# [Work request]
What you return should be the complete listing, unchanged, with no pictures in it.

# [Available data]
◆ ◆ ◆ ◆
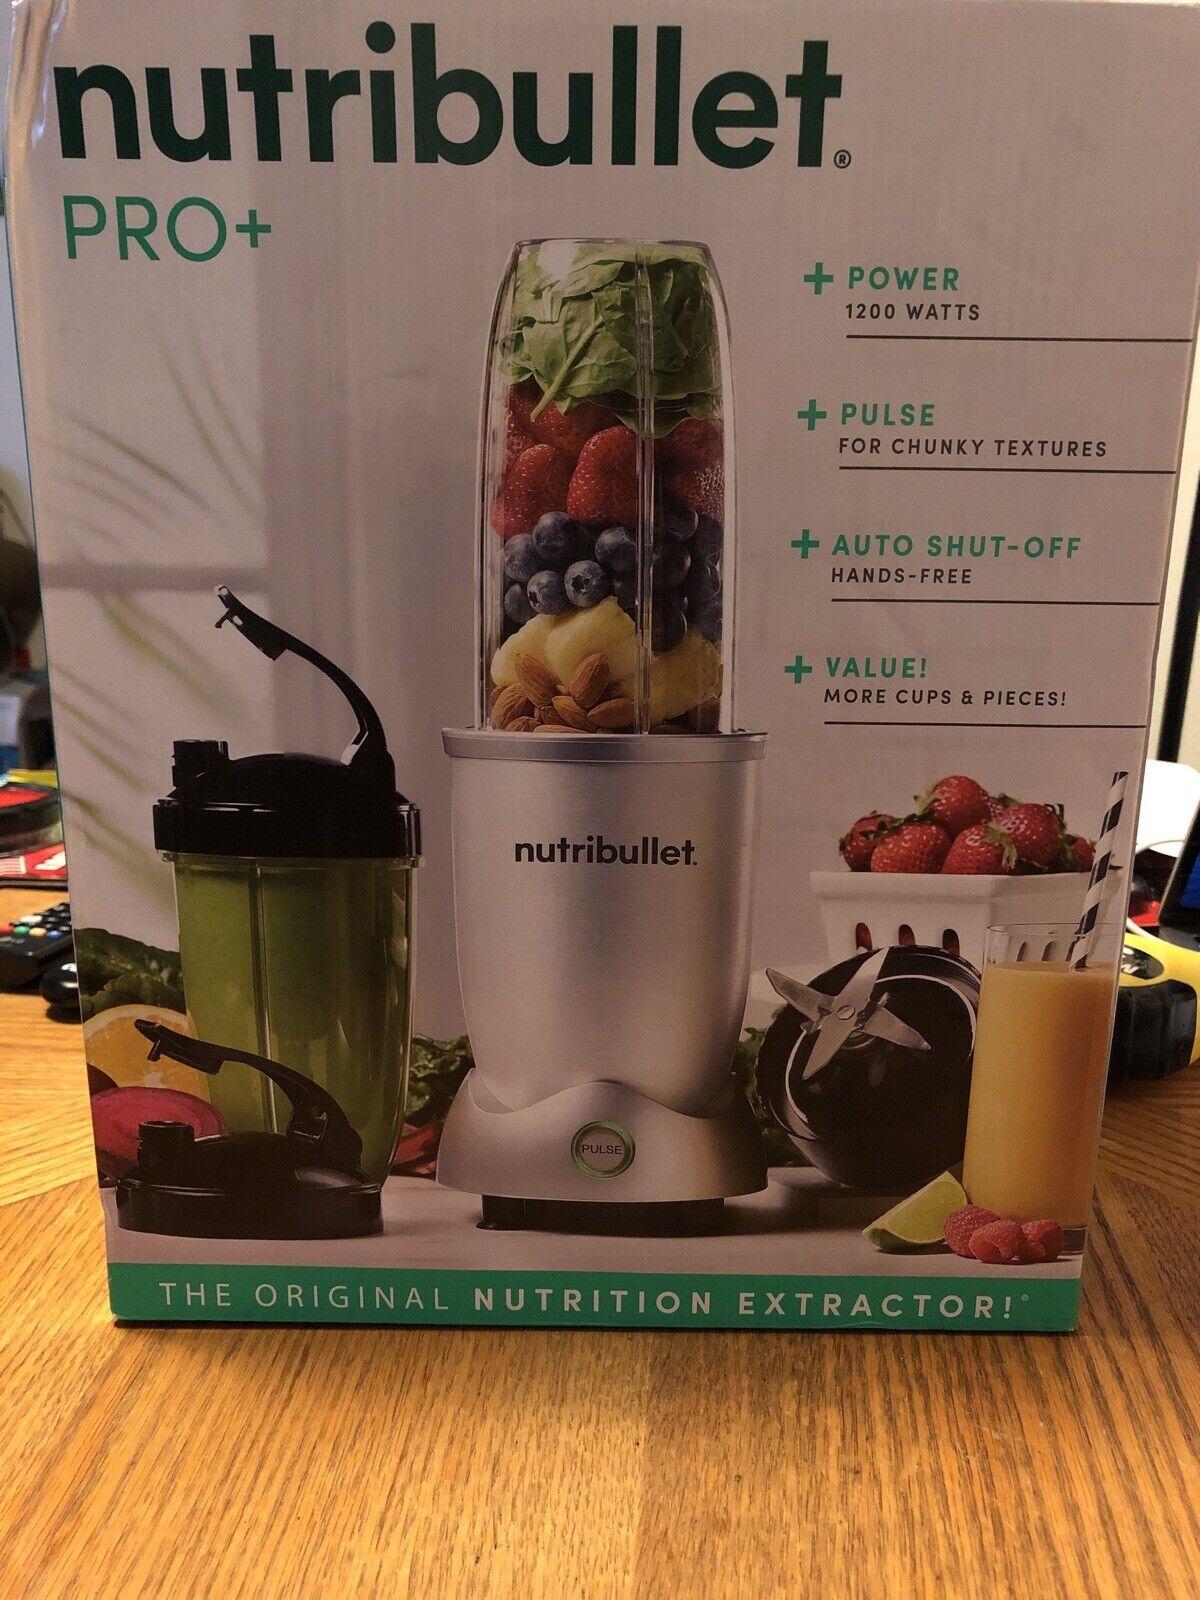 Nutribullet N12 1001 Pro Plus 1200w Nutrition Extractor Blender For Sale Online Ebay
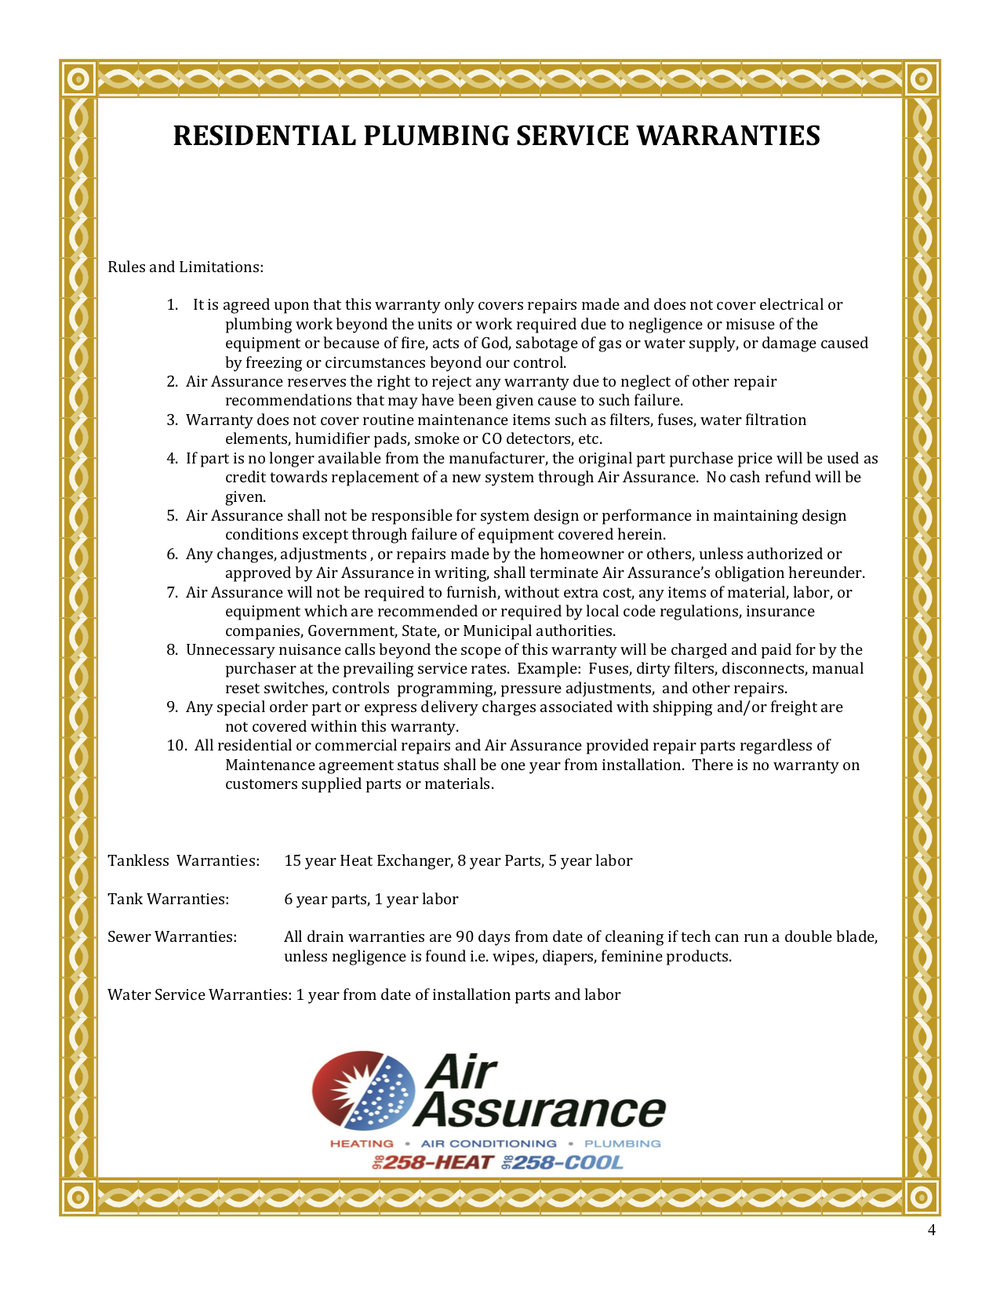 Residential Plumbing Service Warranties.jpg
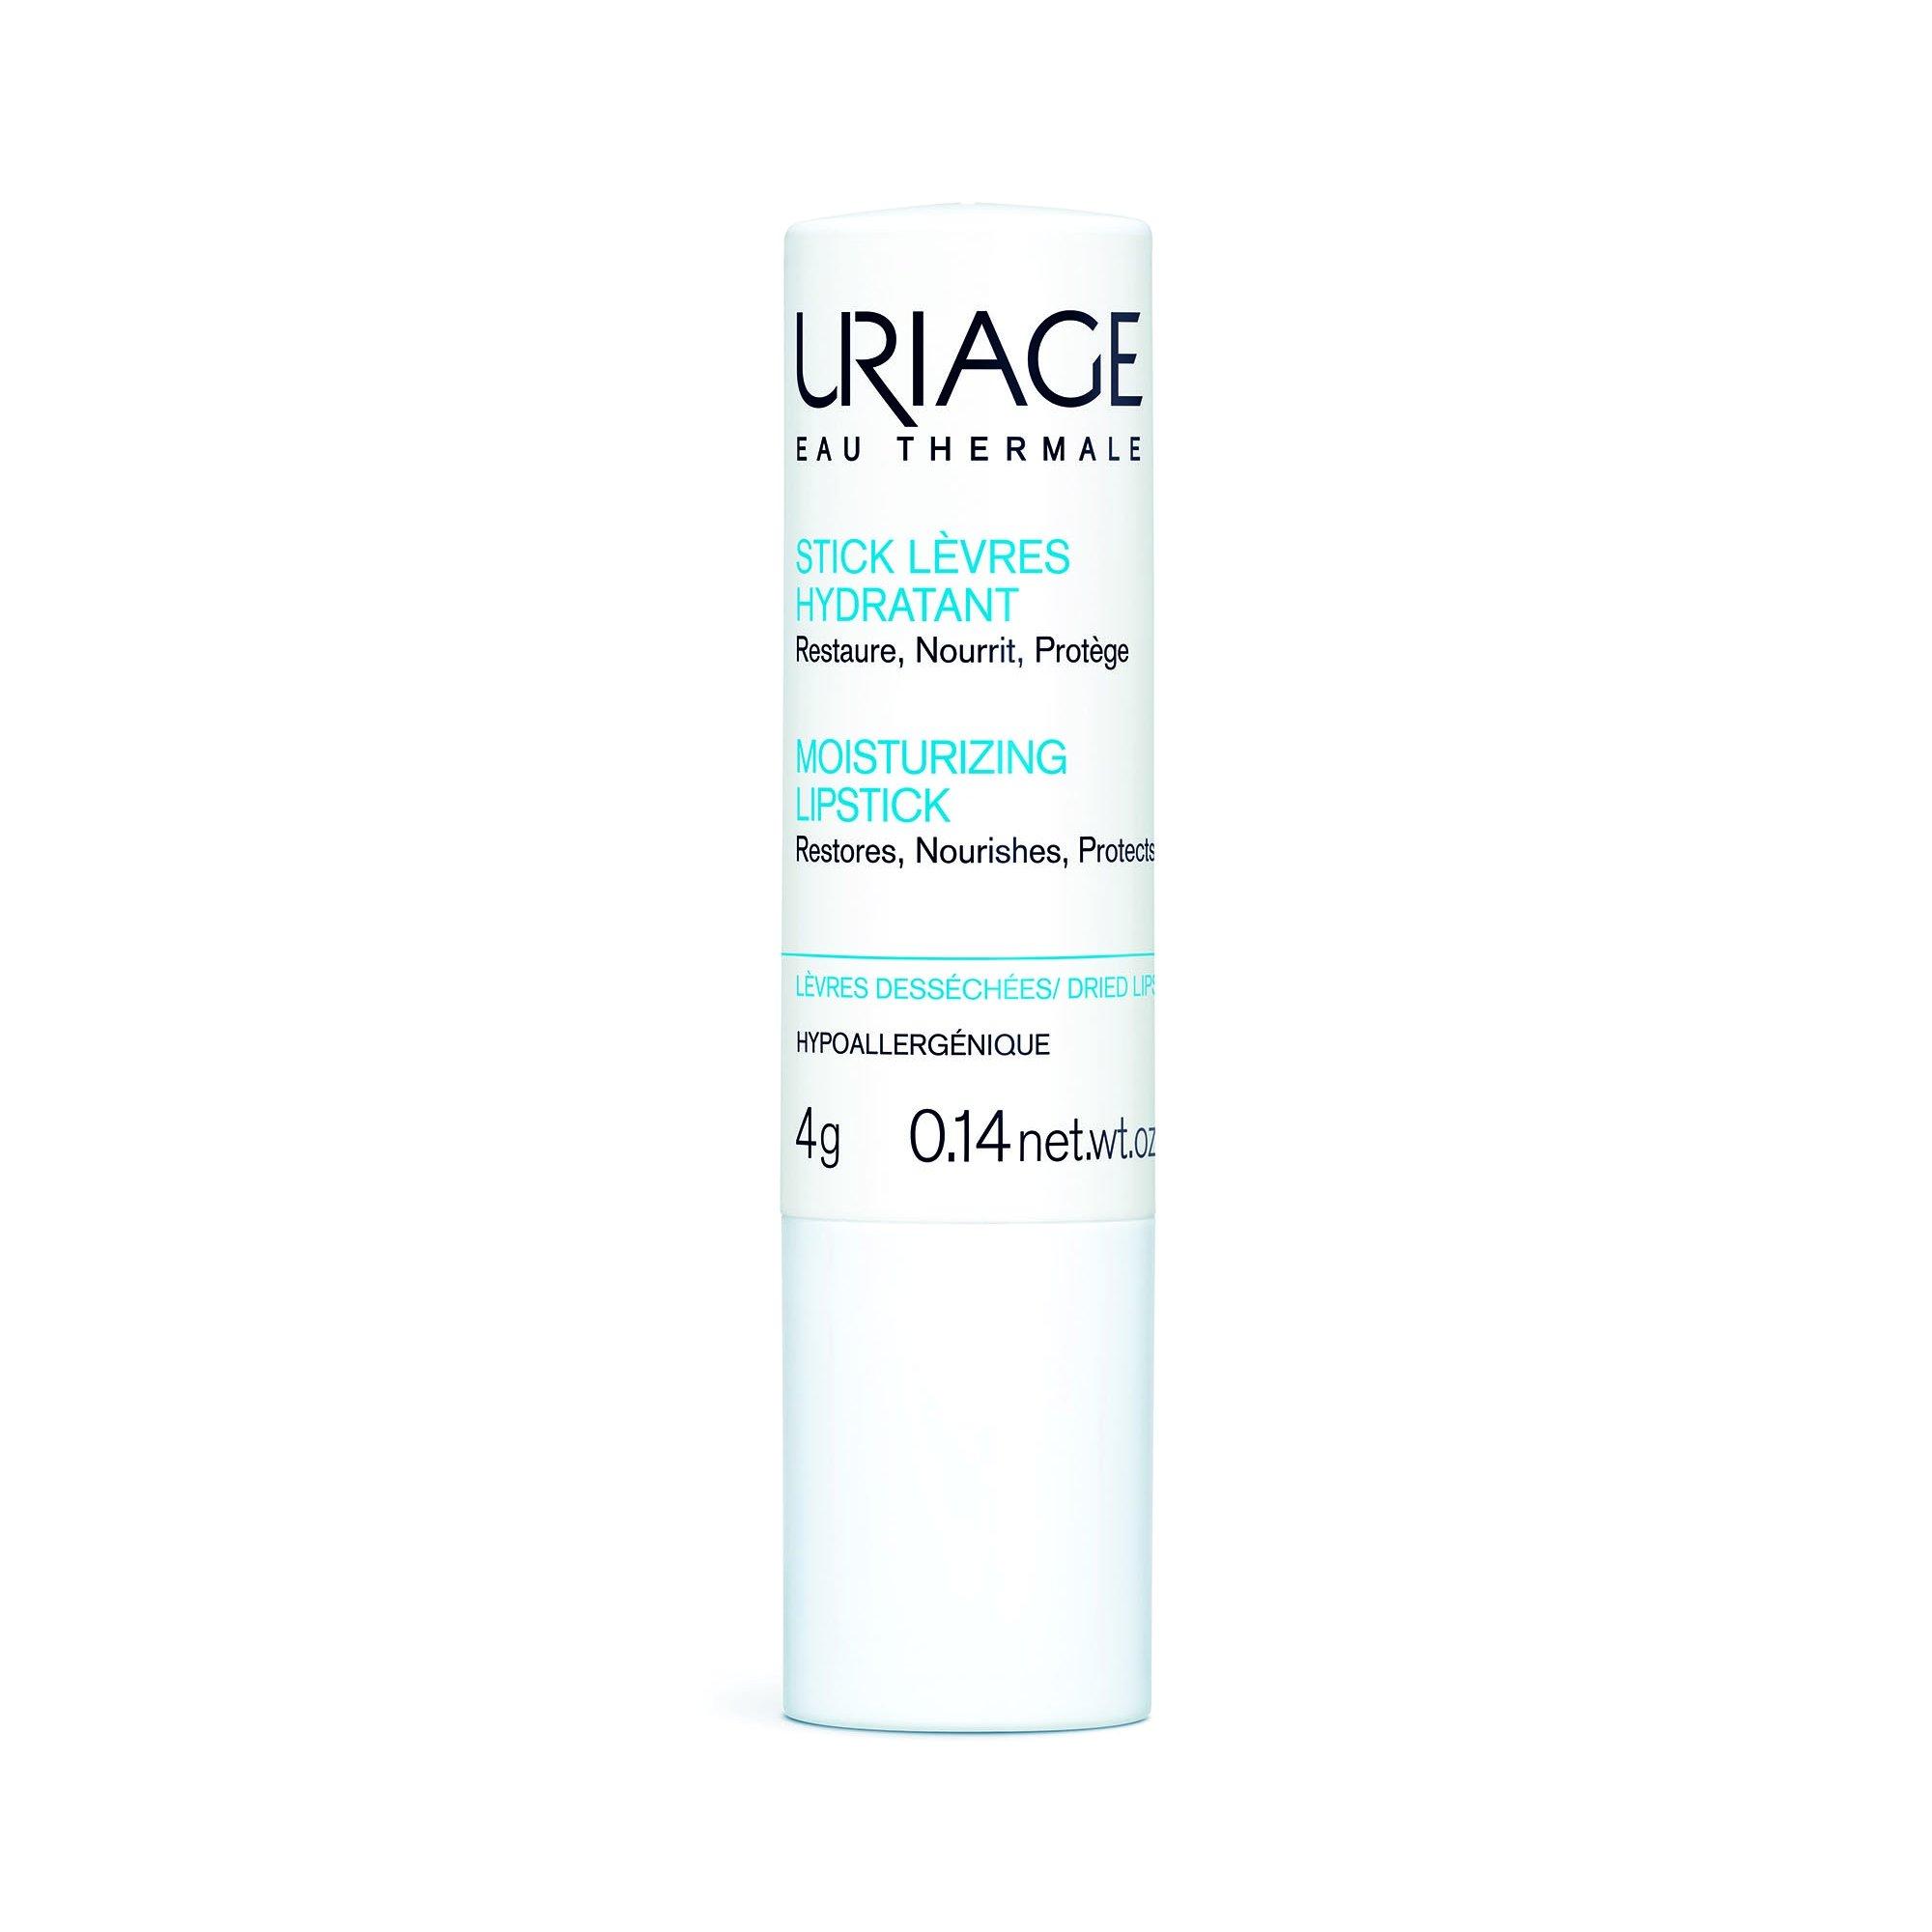 Uriage Eau Thermale Moisturizing Lipstick Ενυδατικό Στικ Για Τα Χείλη 4gr
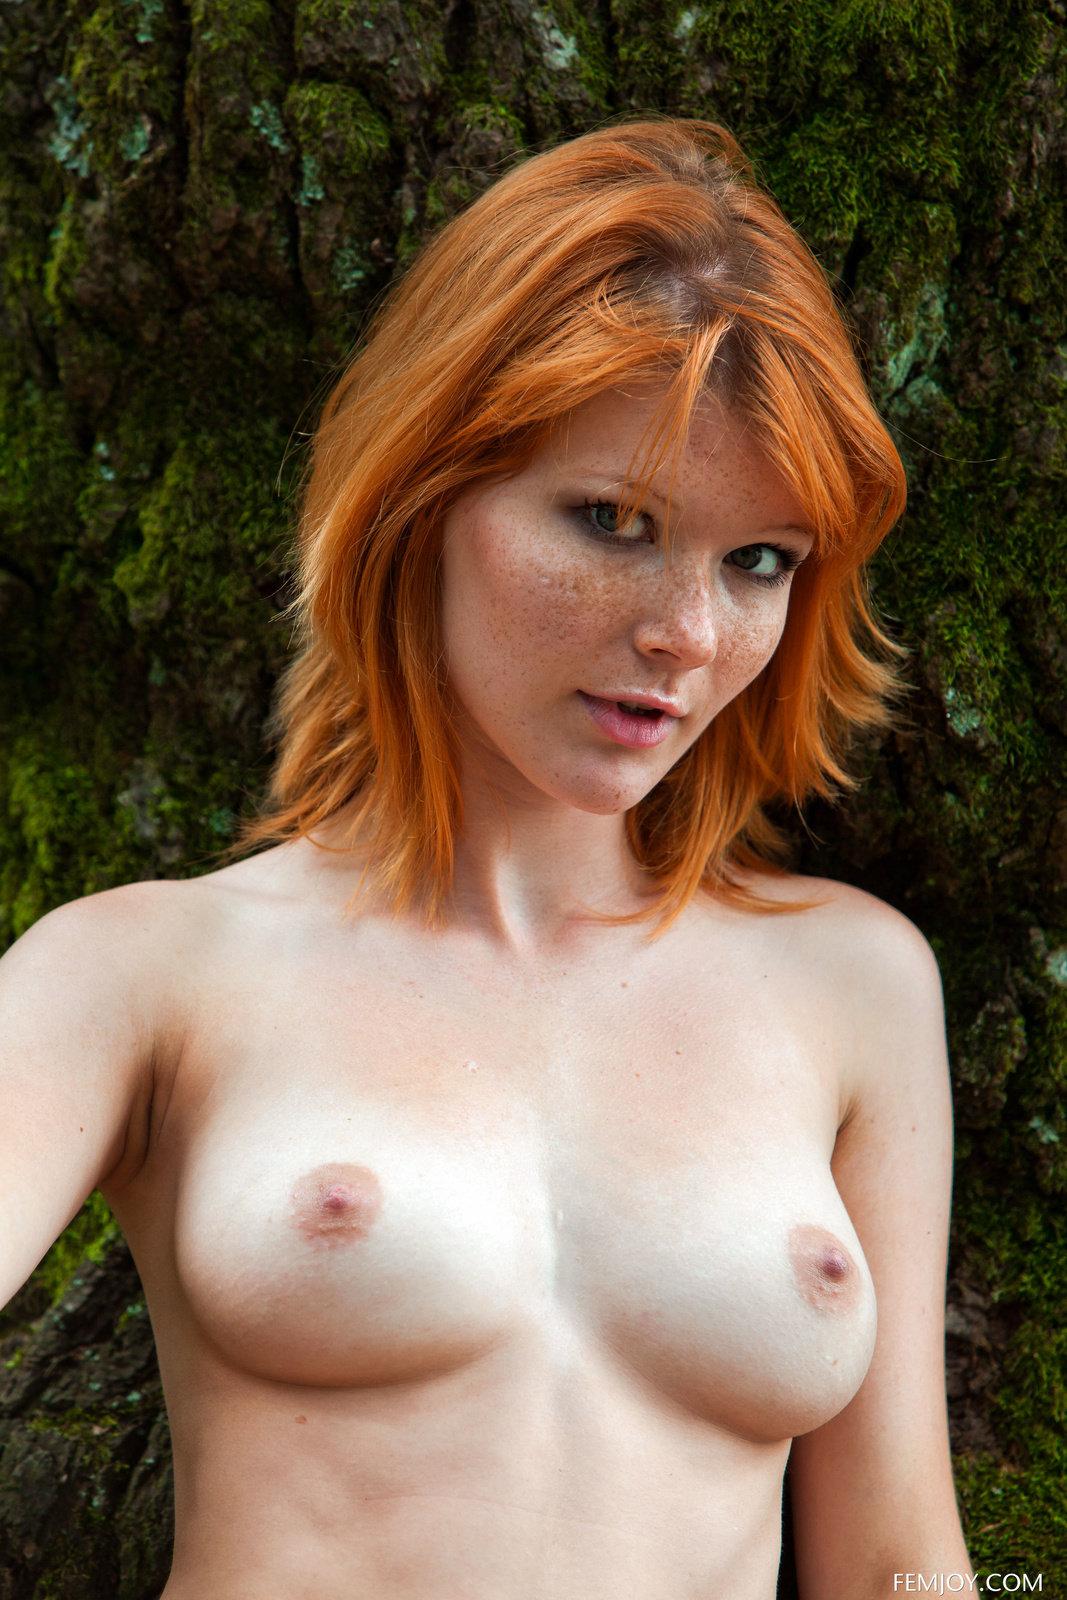 Virgin colorado redhead girls naked nerd
◆ ◆ ◆ ◆
# [Solution to the problem]
 Nutribullet N12 1001 Pro Plus 1200w Nutrition Extractor Blender For Sale Online Ebay
 Residential Plumbing Service Warranties.jpg
 Uriage Eau Thermale Moisturizing Lipstick Ενυδατικό Στικ Για Τα Χείλη 4gr
 Virgin colorado redhead girls naked nerd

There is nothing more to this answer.